Exercise material START
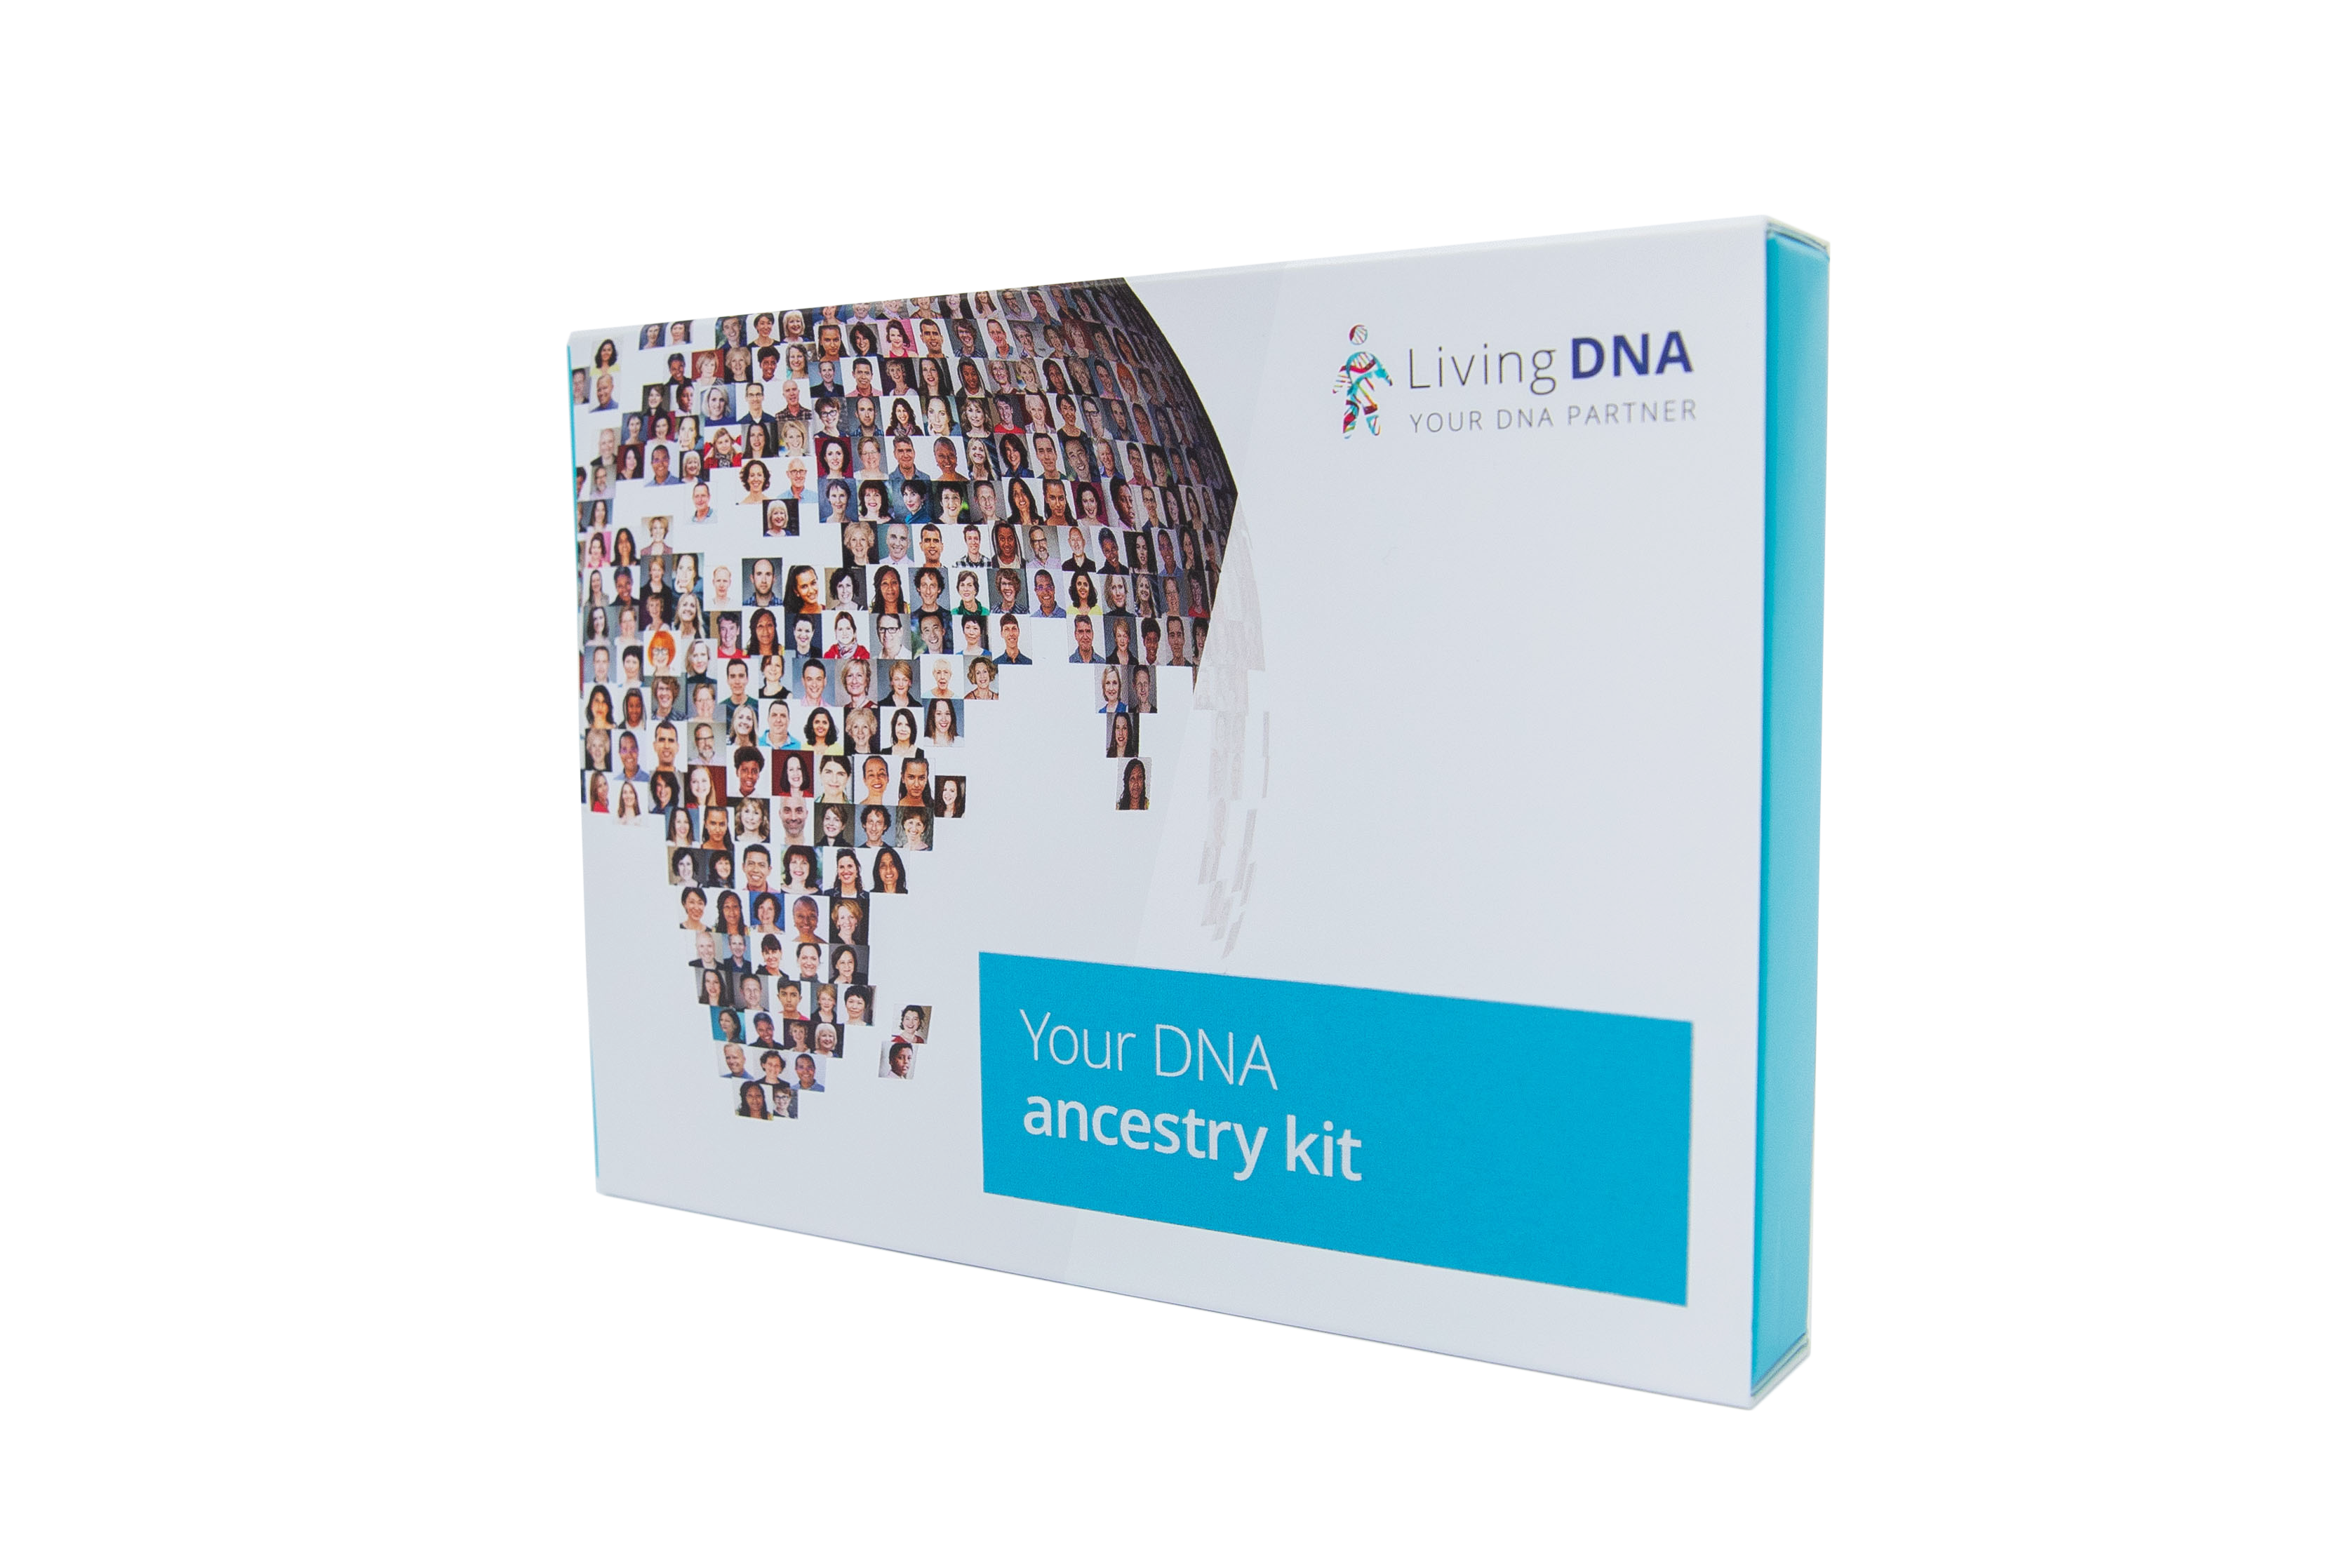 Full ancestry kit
Exercise material END
Exercise material START
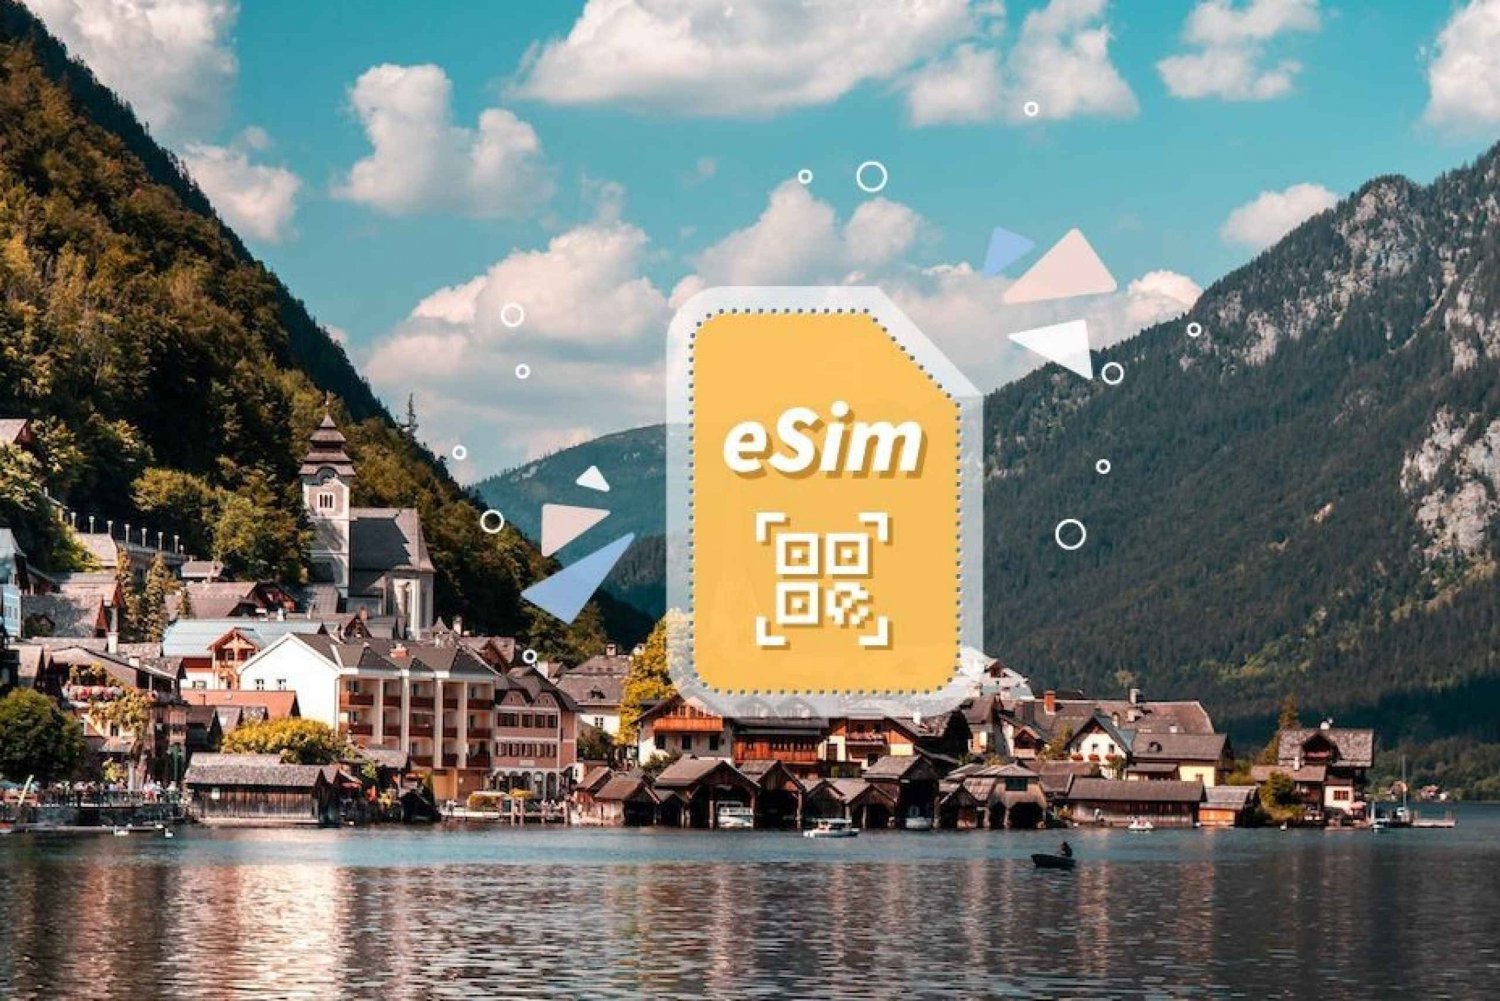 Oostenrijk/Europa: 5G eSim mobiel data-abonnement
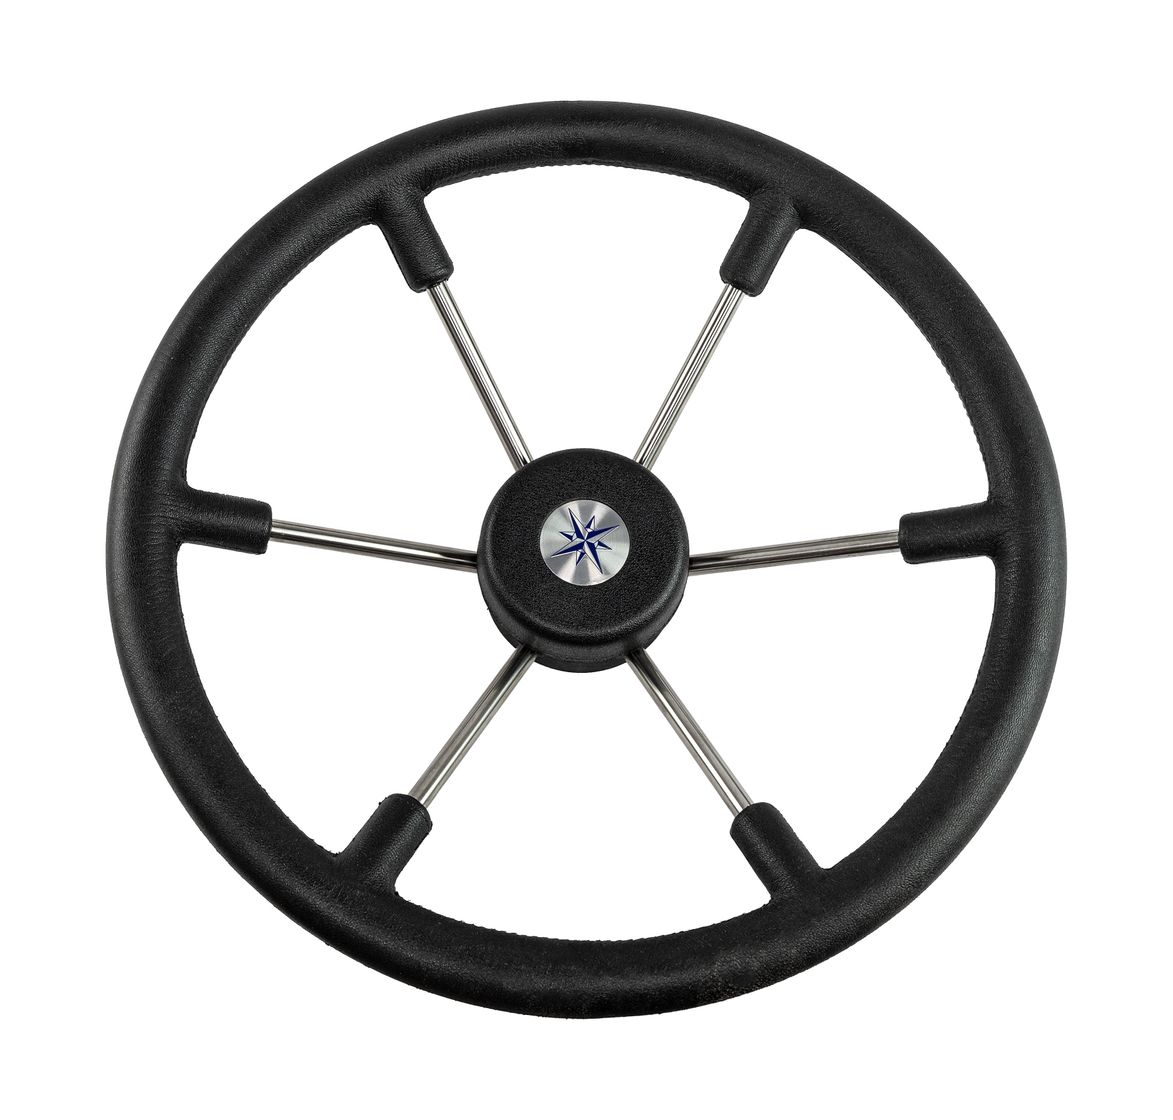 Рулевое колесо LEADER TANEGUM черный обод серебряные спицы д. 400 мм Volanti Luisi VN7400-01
Exercise material END
Goal of the exercise:
From the records above, transcribe exactly the lines starting at the one containing "Oostenrijk/Europa: 5G eSim" and ending at the one containing "Рулевое колесо LEADER". Skip the pictures.

Answer box:
 Oostenrijk/Europa: 5G eSim mobiel data-abonnement
 Рулевое колесо LEADER TANEGUM черный обод серебряные спицы д. 400 мм Volanti Luisi VN7400-01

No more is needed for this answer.